I won't forget the day i got you. You were a gift from a then-boyfriend who took me to the pet store and showed me this pug that was determined to pull this small bag of puppy chow across the floor back to your bed. You pretty much had the run of the place, and the manager warned us saying that you had already been returned once because you were a high-maintenance dog. You were the oldest dog for sale, and the owner even discounted you because you were almost a year old. But i was in love. So we went home, you in my lap, wimpering because you were scared, not knowing who i was or where you were going.
You quickly warmed up though - especially the next day when I took you to the beach. Oh my freakin' god, you were in doggy heaven. Well, not like now, but you know. You would run to the waves as they were going out and BARK your little pug head off, and then when the tide would turn to come back in, you would run your little butt back to the soft sand and get behind me barking the entire time. I have pictures of our beach trips with you running and your ears flopping, your muzzle dark black, not a speck of the gray it eventually turned.

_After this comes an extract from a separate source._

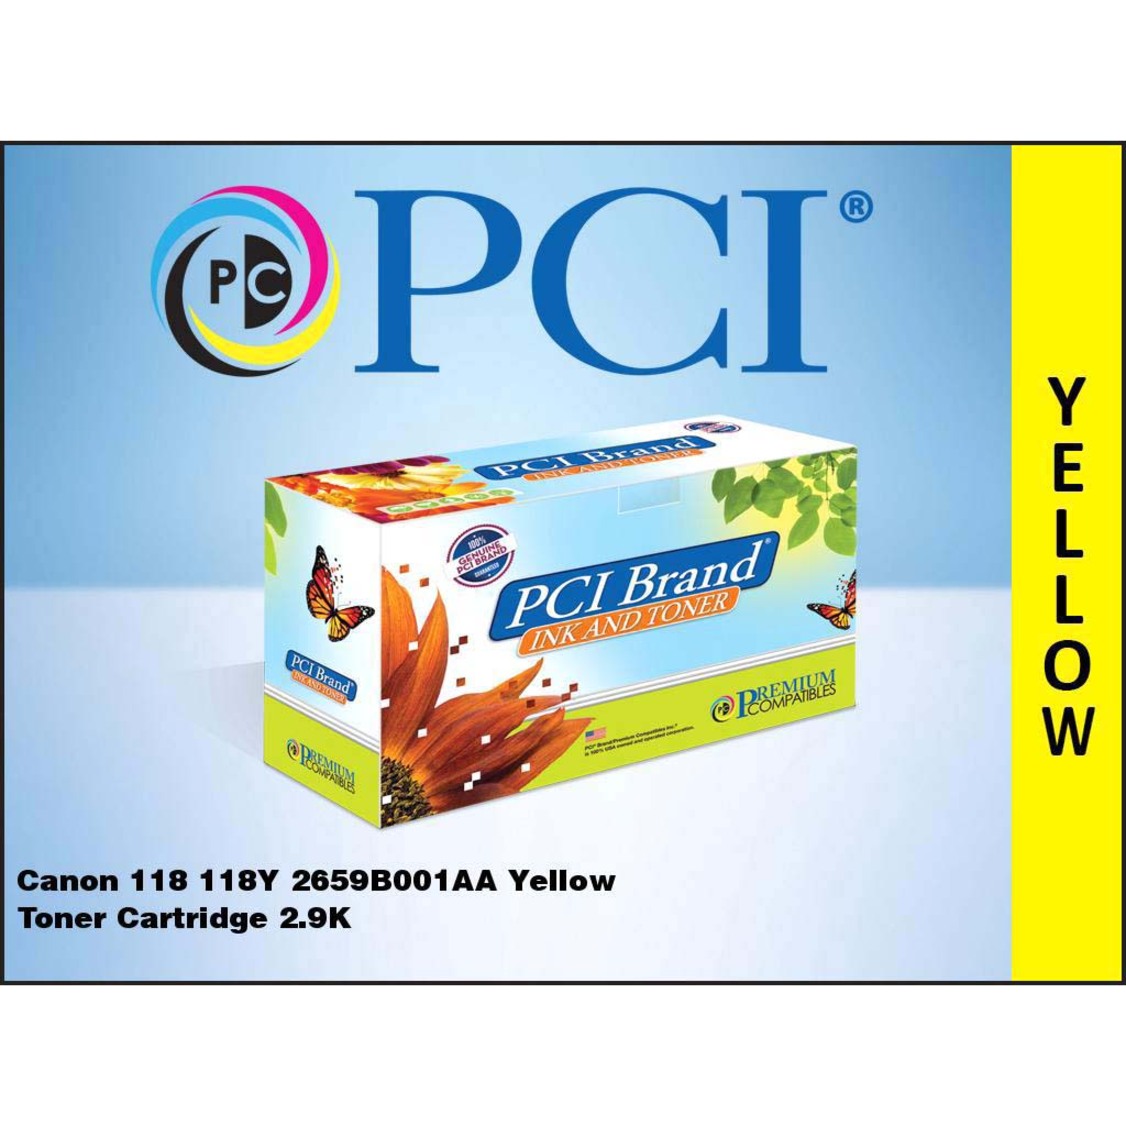 Premium Compatibles 2659B001AA-PCI Canon 118 Yellow Toner Cartridge, 2.9K Yield, Made in the USA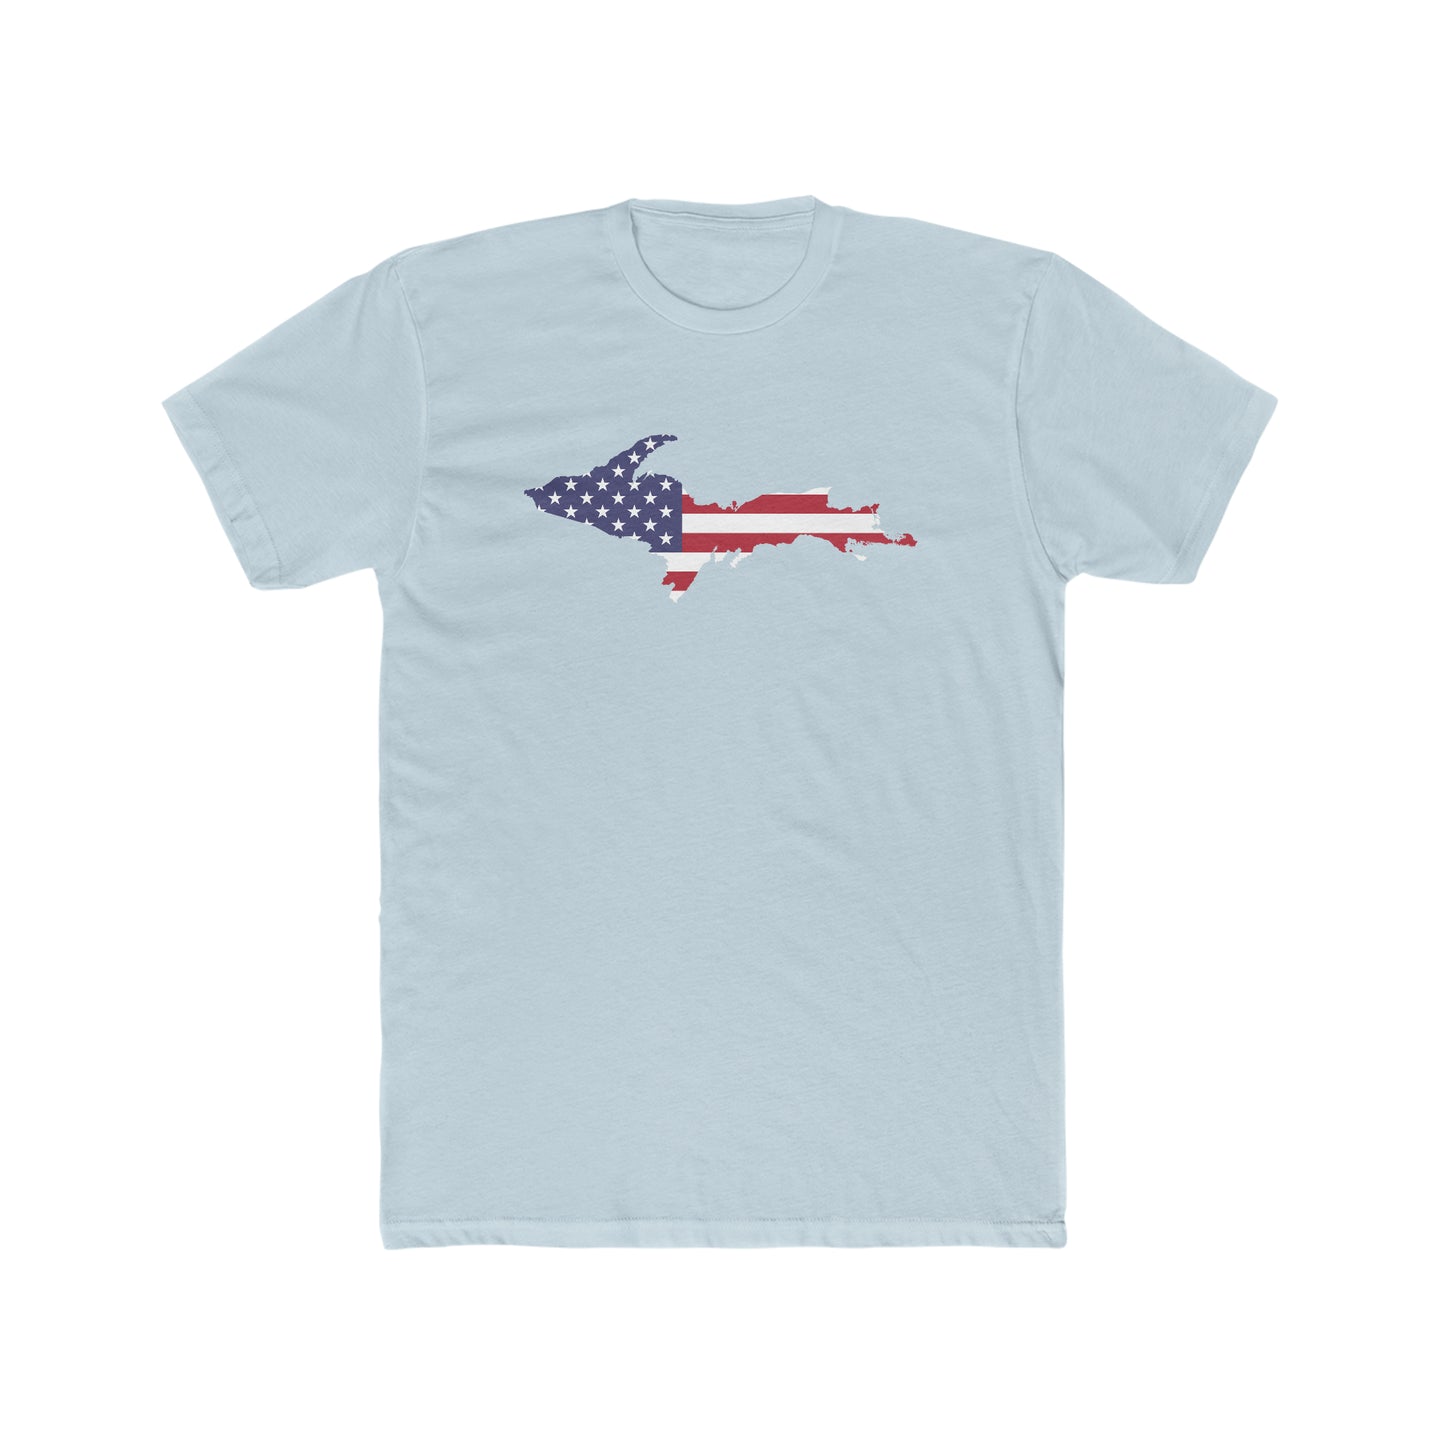 Michigan Upper Peninsula T-Shirt (w/ UP USA Flag Outline) | Men's Fitted

You were such a trooper - you outlasted the boyfriend, the move to the condo, the new boyfriend that turned into the husband, another move to a rental, a move to a new house. THEN THE BABY CAME. You would jump up with me on the couch and lay in the crook of the back of my knees and not move. When i would pace the floor with braxton hicks - you would get in the middle of the living room and watch me go back and forth, and when i finally tired and went to bed, you were there, sleeping on the floor on my side of the bed. Baby number 2 came and another new, bigger house. By then, you had started to lose your eyesight but you learned that house really quickly and chased the boys down the hall as they toddled along on their chubby little legs. You survived living with Blue - the red tick hound we took in (yes, he was crazy but he did save you from the hawk that tried to steal you out of the back yard - so he earned angel wings with that move). You went on to outlast the husband and went with me in the divorce, as it should have been. For the first year, you had peace here. You were getting old, but your body hadn't given out and you didn't have another dog to make you crazy so you had peace. We both did.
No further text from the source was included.